Lynn Fox — D'accord, ça marche. Bon, de toute façon, dans ma distance.
La maison en bois dans la forêt : la vision qui revient
Ybelion — Et ouais, si, un truc tout à l'heure que je voulais te demander, t'as parlé de, récemment, t'as partagé sur Insta un peu ta vision, ton rêve, ce que tu voulais accomplir. Comment t'as réussi à trouver la clé ?
Lynn Fox — Bah, c'est compliqué ça, comme question. Attends, faut que je réfléchisse.
Ybelion — En fait,
Lynn Fox — je suis dans une période transitoire de ma vie. On va dire que il y a un peu tous mes repères qui sont effondrés ces derniers mois, et au travail, ça va vraiment pas. Et je pense que c'est dans ces moments où t'es dans le dur un petit peu au fond du trou, où t'as le plus de lucidité parce que, finalement, t'essaies de te dire c'est quoi l'essentiel. et c'est en travaillant sur ça, en me disant ok, j'ai plus de repères, je me sens pas bien dans mon travail, c'est quoi l'essentiel ? Si j'avais une baguette magique, qu'est-ce que serait ma vie de rêve ? Et en fait, j'ai simplement répondu à cette question sur quelle est ma vie de rêve ? Le soir, je fais de la visualisation avec des techniques de méditation et souvent, cette question, elle revient. Elle te dit qu'est-ce que t'as au plus profond de toi-même ? Et à force de faire, c'était toujours la même vision qui revenait. C'était moi en train d'écrire dans ma espèce de maison en bois, dans la forêt, avec plus forcément un compagnon, des enfants, etc. Et je vivais complètement de l'écriture, mais ça me permettait aussi de protéger les animaux et la nature en reversant les bénéfices et à chaque fois, c'est tout le temps cette vision qui revient. Donc je me dis, bon, si ça revient tout le temps, c'est que ça doit être ça quand même. Donc voilà.
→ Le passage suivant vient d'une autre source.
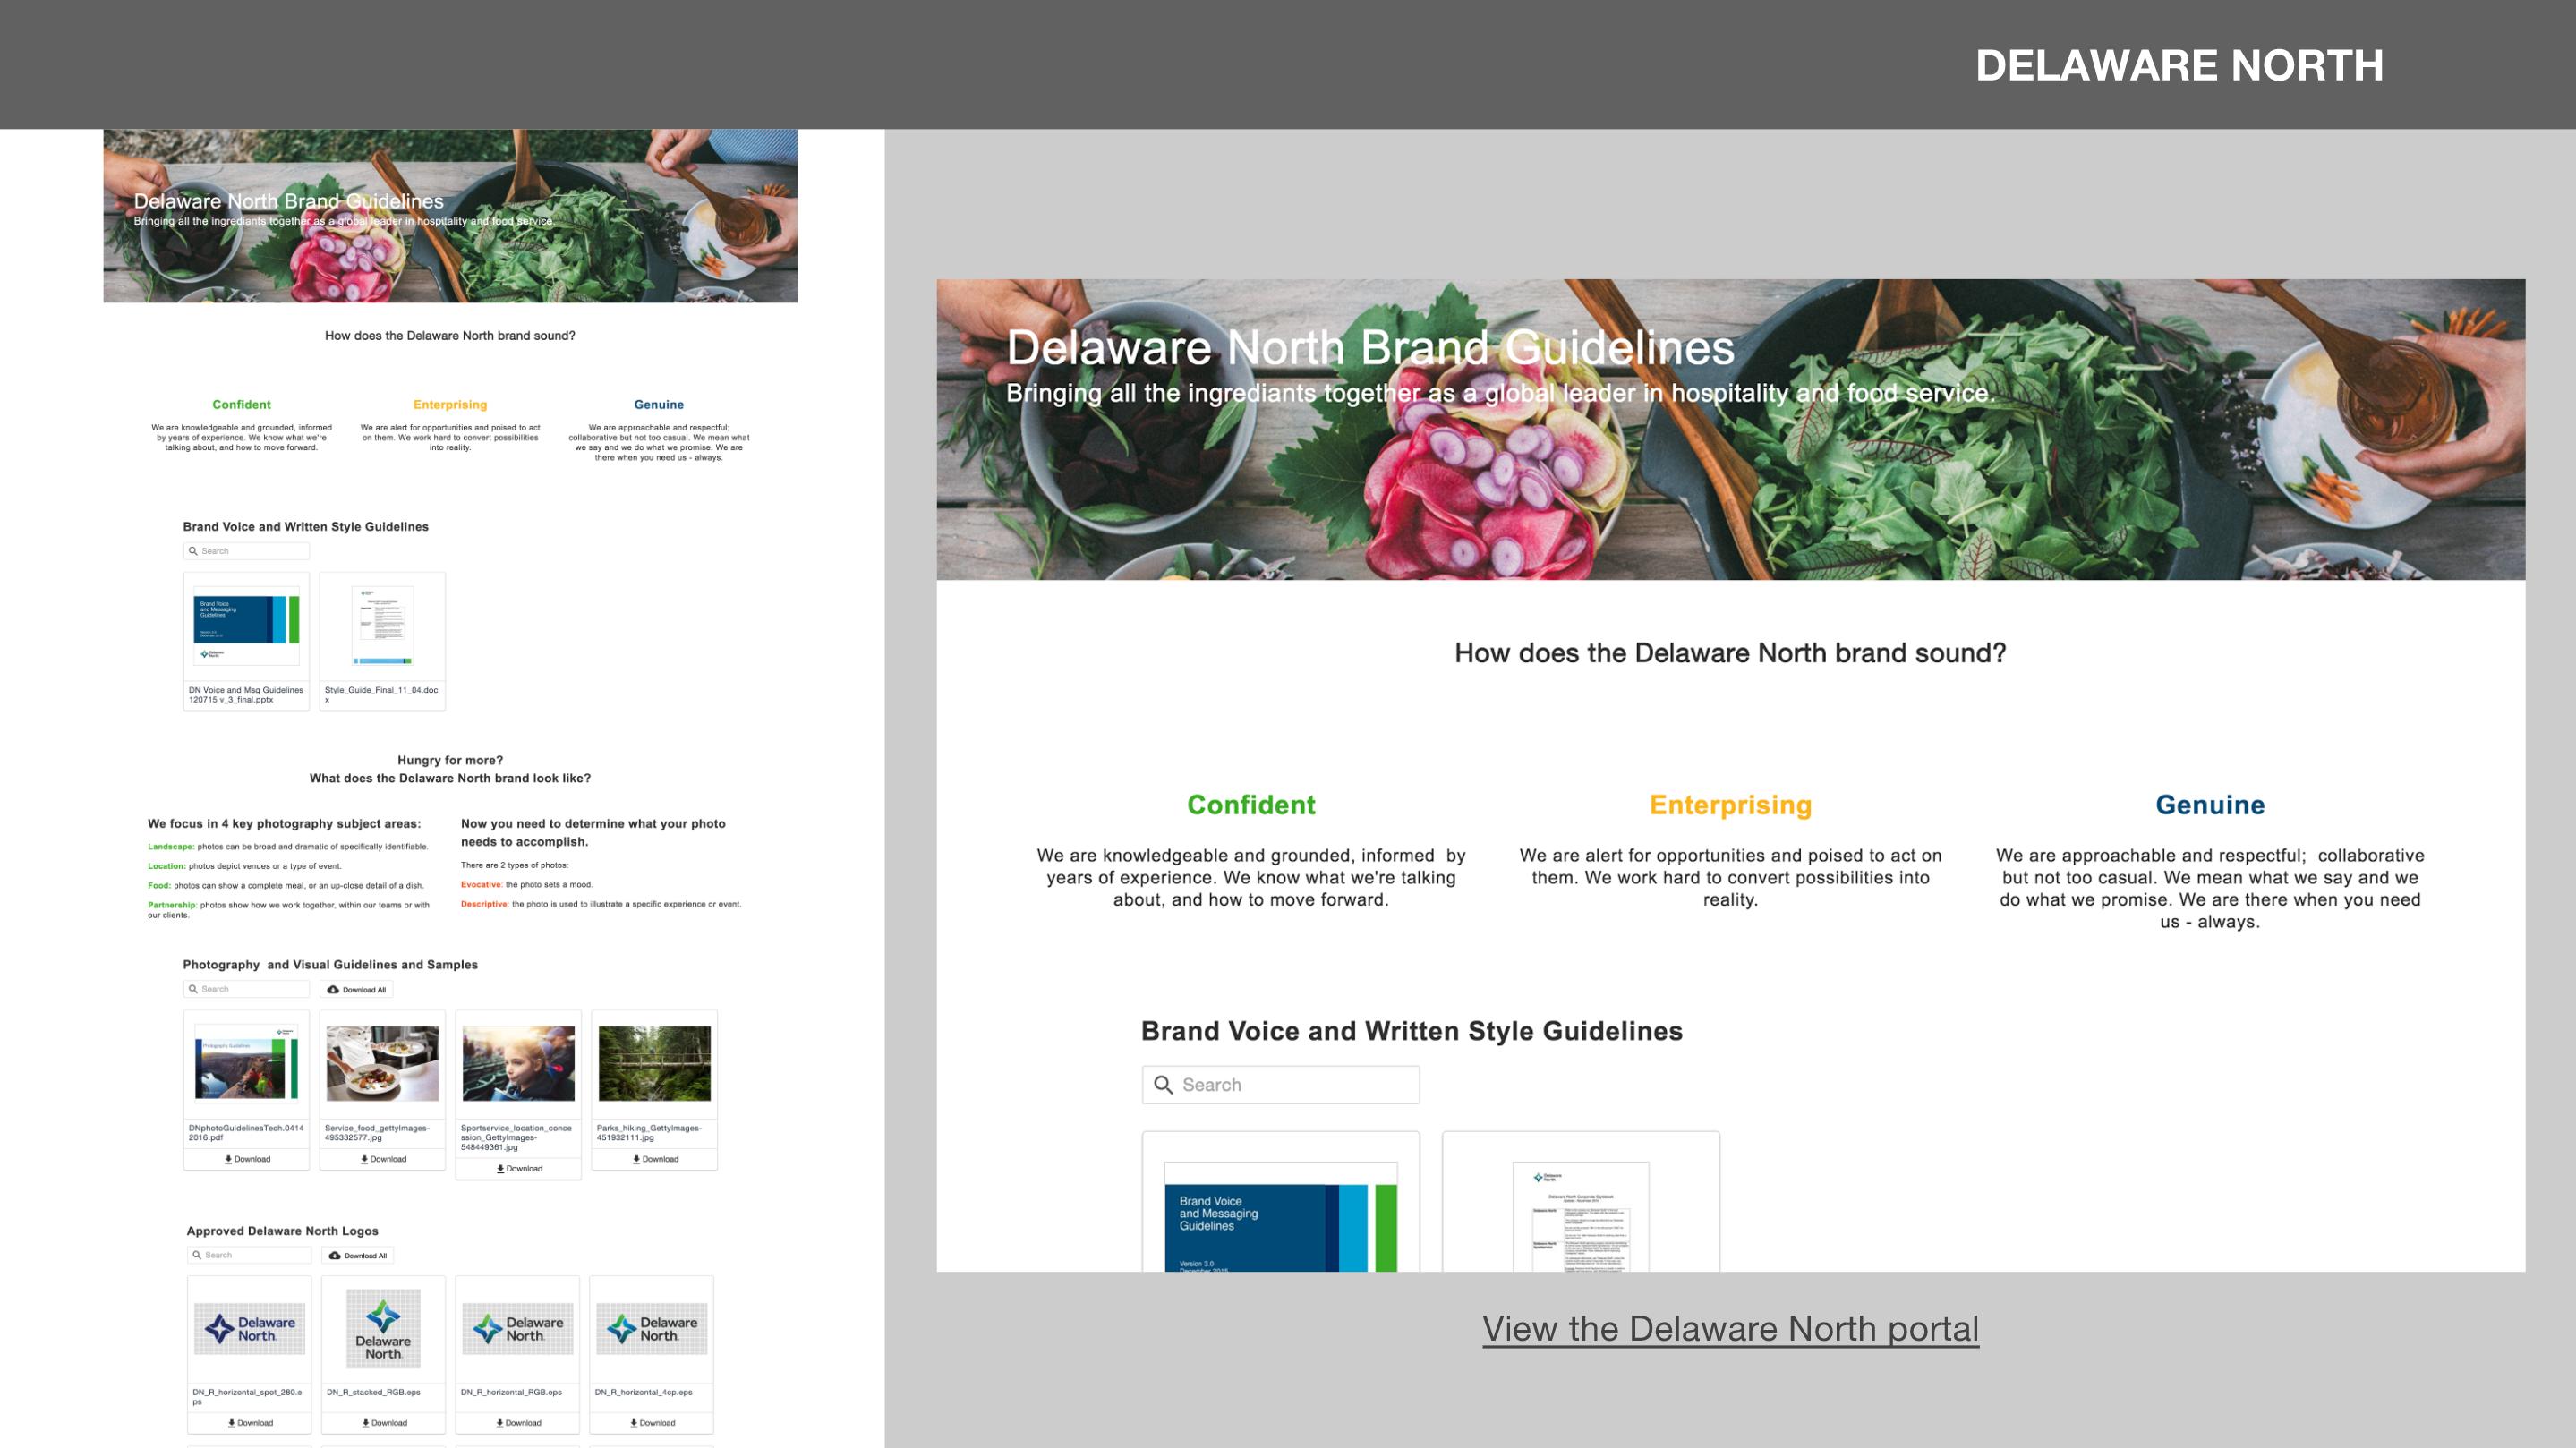 Delaware North Brand Portals & Content Curation

Ybelion — C'est magnifique. C'est magnifique. Et ça me touche beaucoup parce que c'est... J'adore cette image de maison perdue dans la forêt dans laquelle tu peux avoir ton univers créatif à toi. Et moi, je l'imaginais un peu. Tu vois, j'avais en tête... En même temps, j'aime bien voyager et voir des gens, etc. Je sens qu'à un moment, la solitude vraiment me pèse parfois. Et donc, j'imaginais bien, tu vois, un espèce de point d'invariance à la campagne dans lequel tu peux te retirer quelques mois, plusieurs mois dans l'année et aller dire, allez, fuck tout le monde. Moi, là, laissez-moi tranquille. Moi, je vais écrire. Je vais créer, machin. Et ouais, ça me parle, putain, cette vision. Ouais, c'est très, très cool. En tout cas, c'est cool que t'aies fait cet exercice de te demander ce pourquoi t'étais faite. Parce que je pense qu'il y a beaucoup de gens qui le font pas. Et d'ailleurs, il y a beaucoup de gens qui ont le rêve d'écrire un livre qui le font jamais aussi à cause de ça. Parce qu'ils se posent jamais la question. Donc, bravo d'avoir fait cet exercice.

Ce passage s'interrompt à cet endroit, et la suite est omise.